→ Exercise prompt: Without changing a word, return the listing below, minus its images.

→ The data:
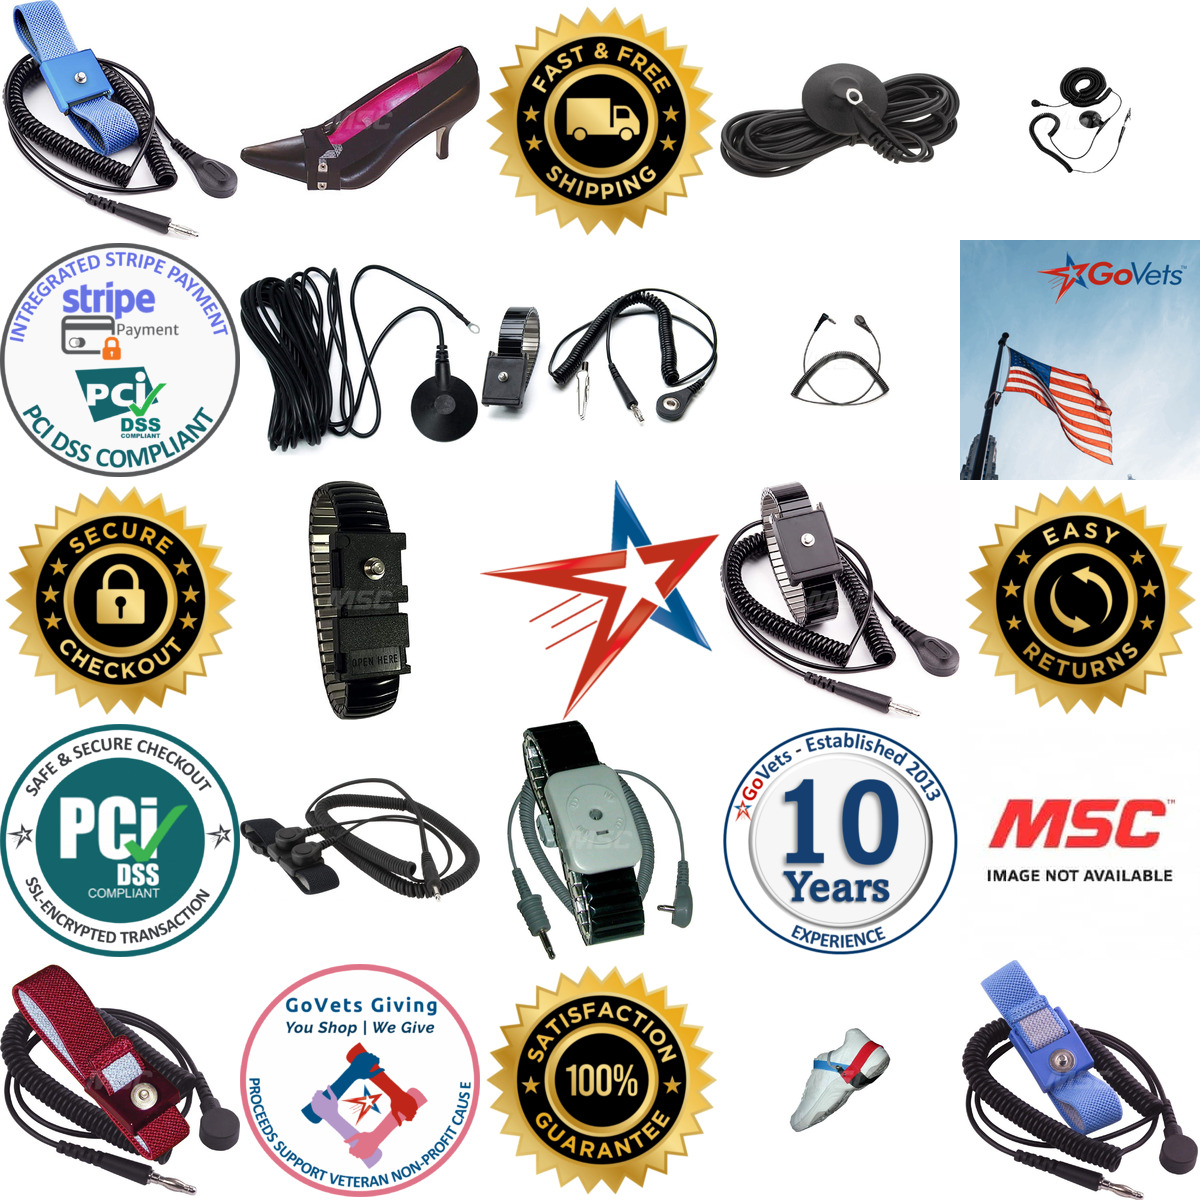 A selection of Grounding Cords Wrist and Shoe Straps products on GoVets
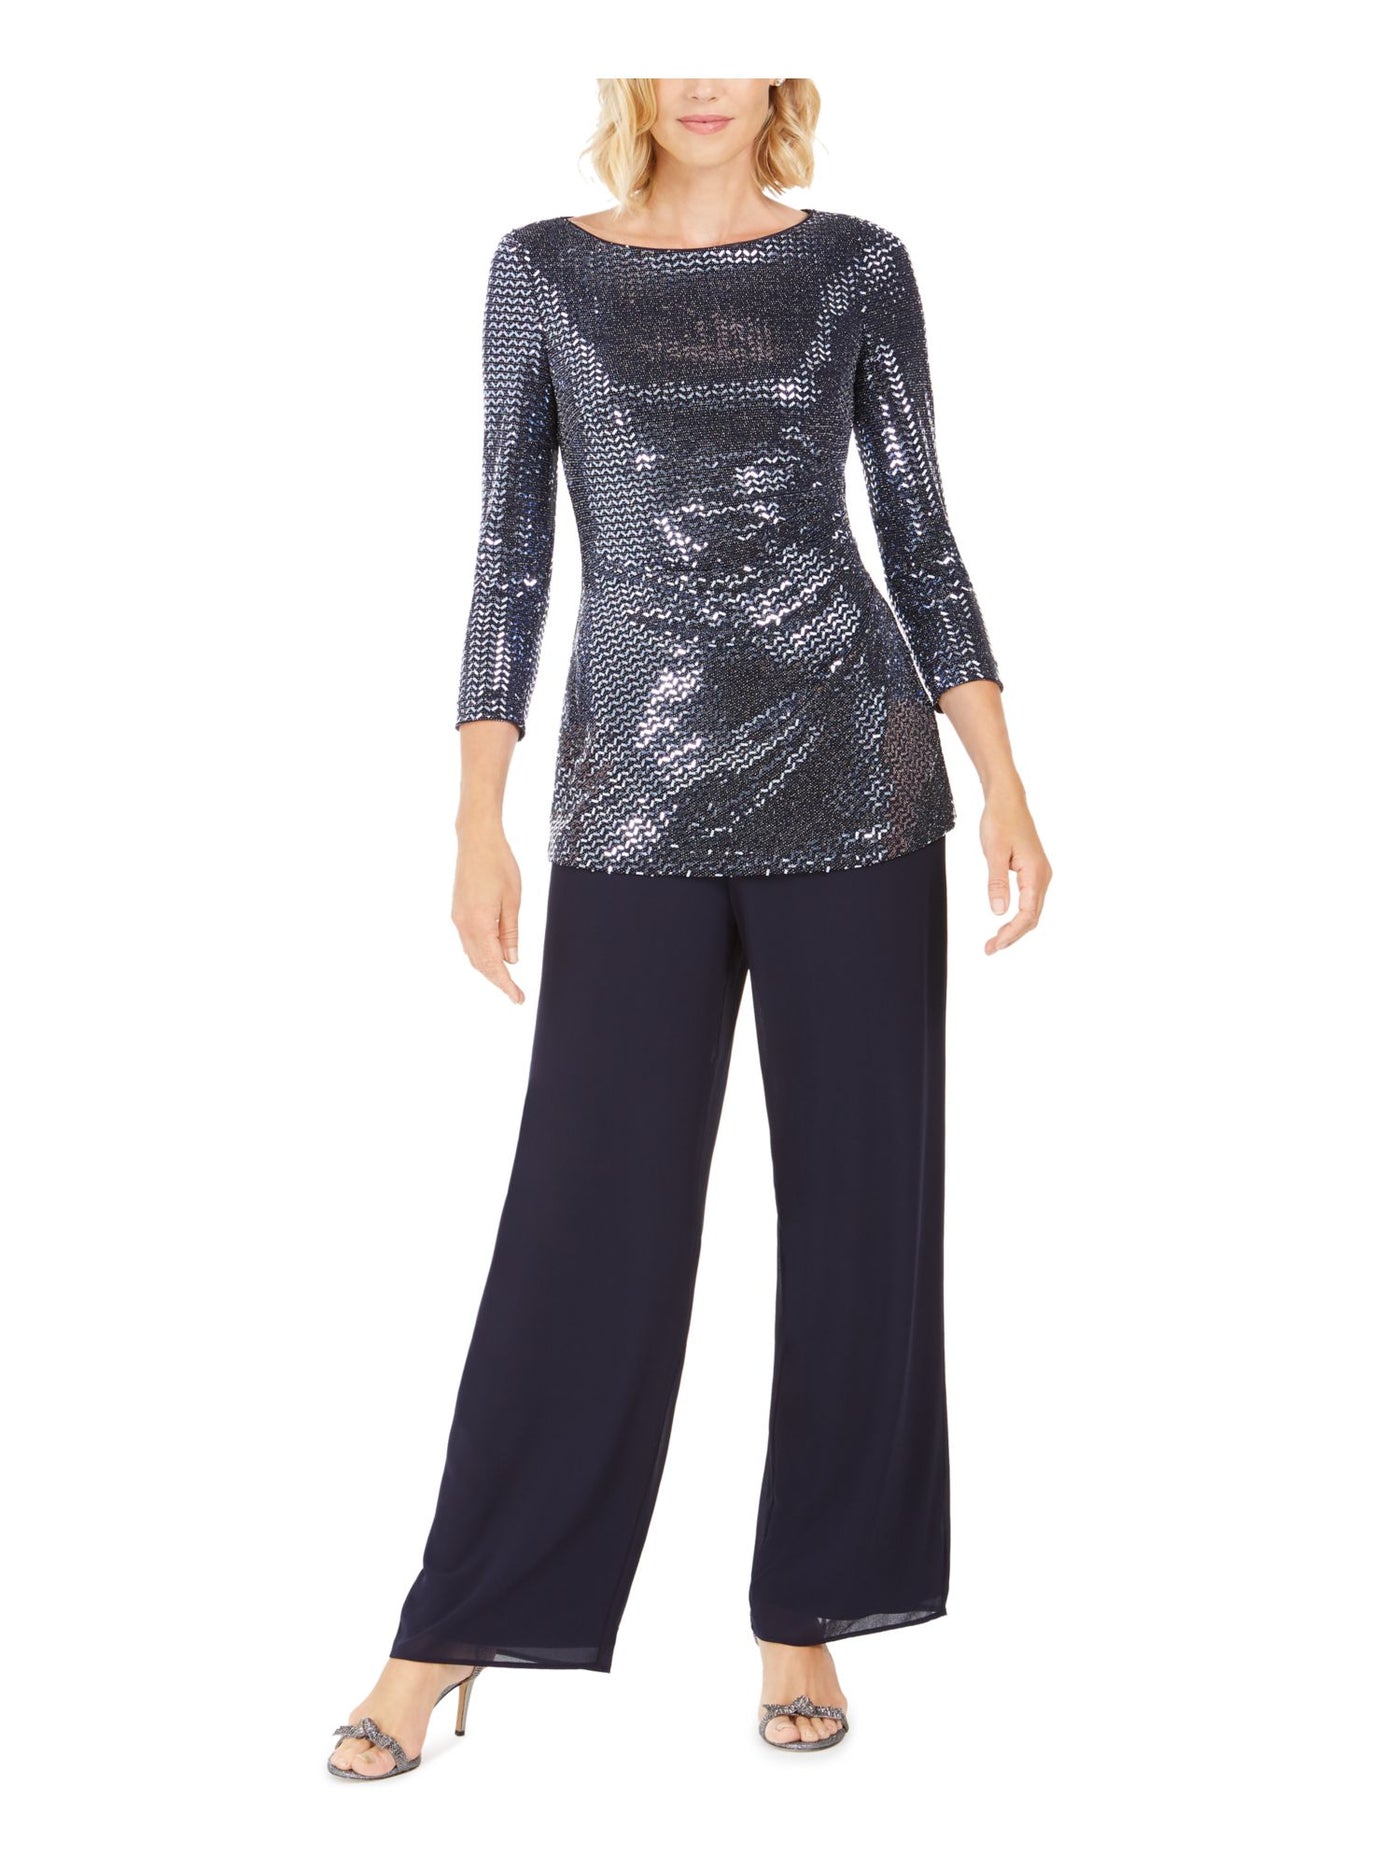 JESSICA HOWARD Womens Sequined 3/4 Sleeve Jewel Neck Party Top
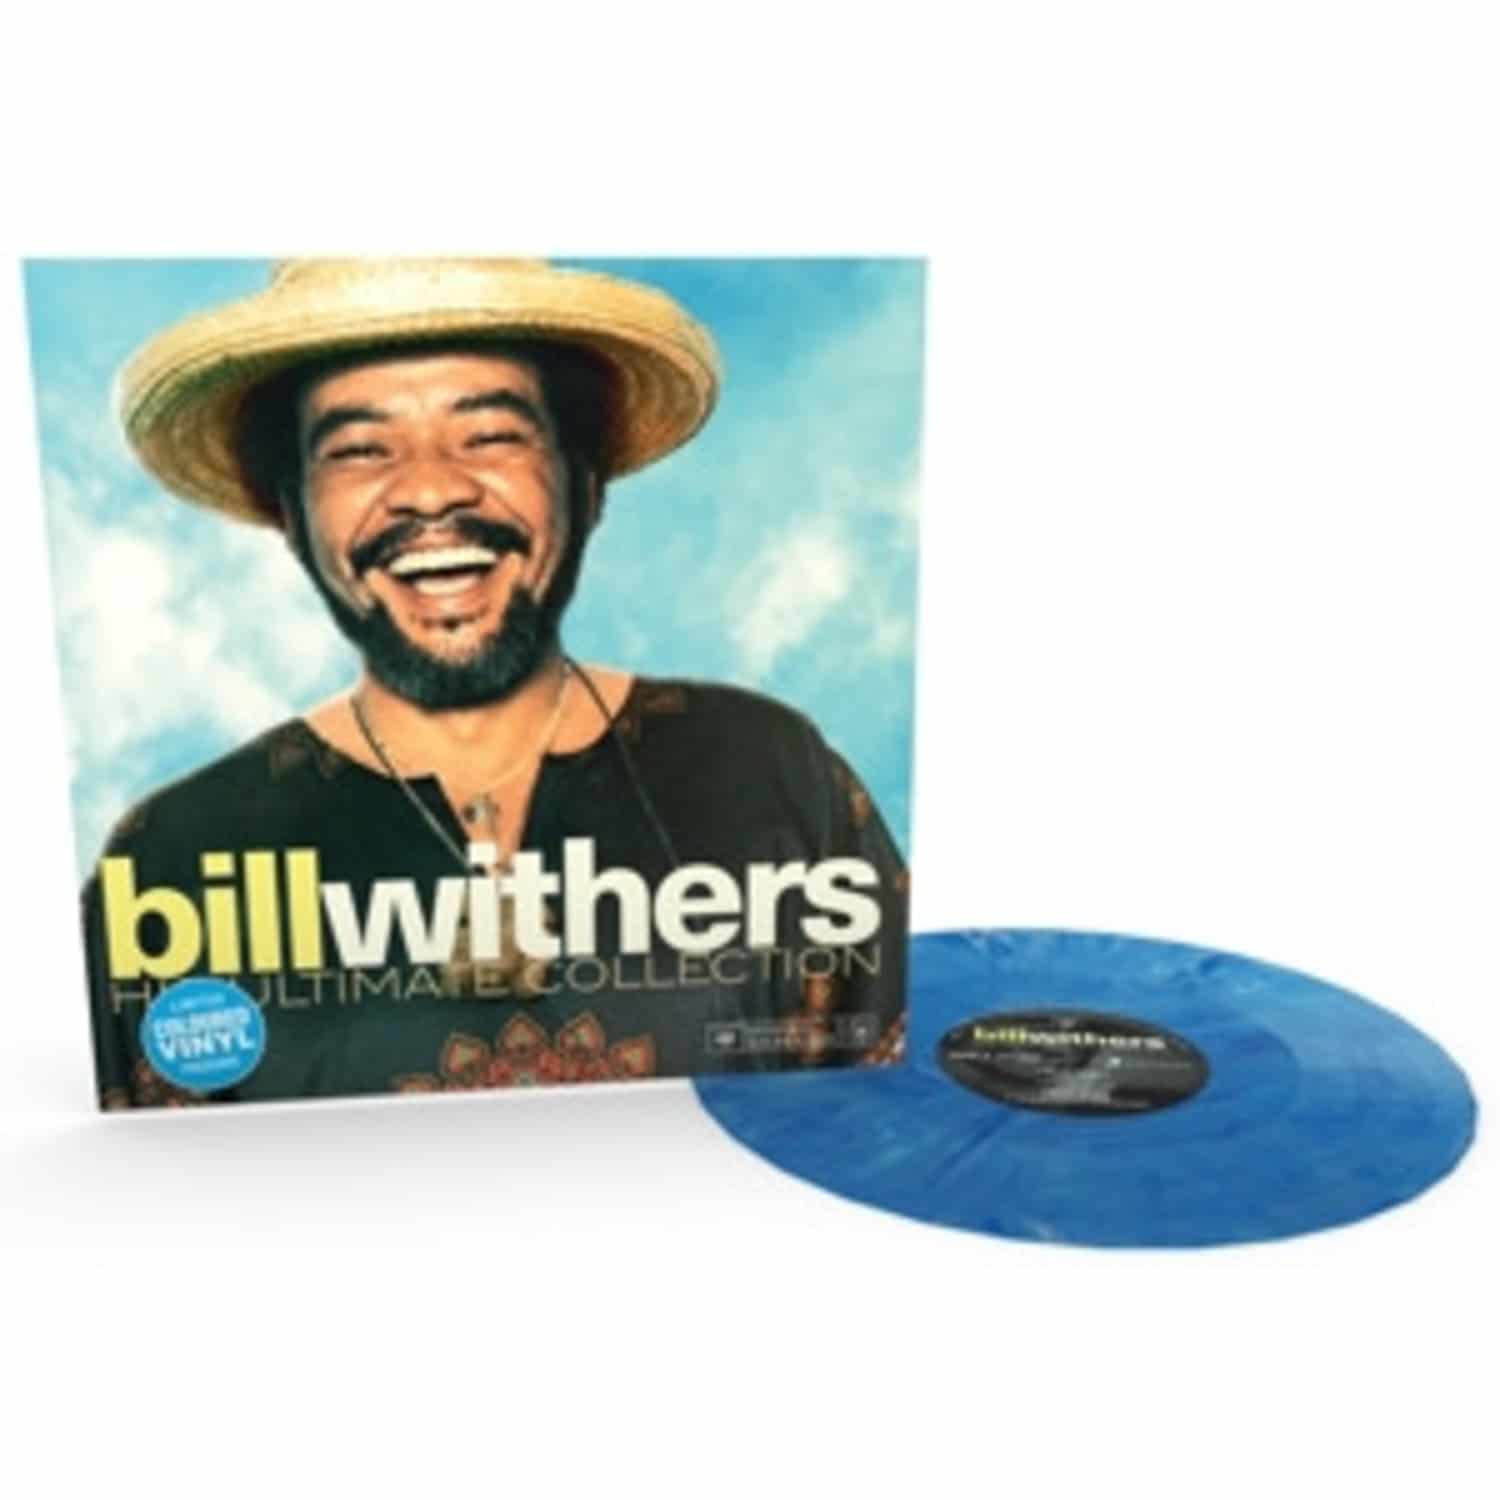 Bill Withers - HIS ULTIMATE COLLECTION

→ Solution to the problem:
 A selection of Grounding Cords Wrist and Shoe Straps products on GoVets
 JESSICA HOWARD Womens Sequined 3/4 Sleeve Jewel Neck Party Top
 Bill Withers - HIS ULTIMATE COLLECTION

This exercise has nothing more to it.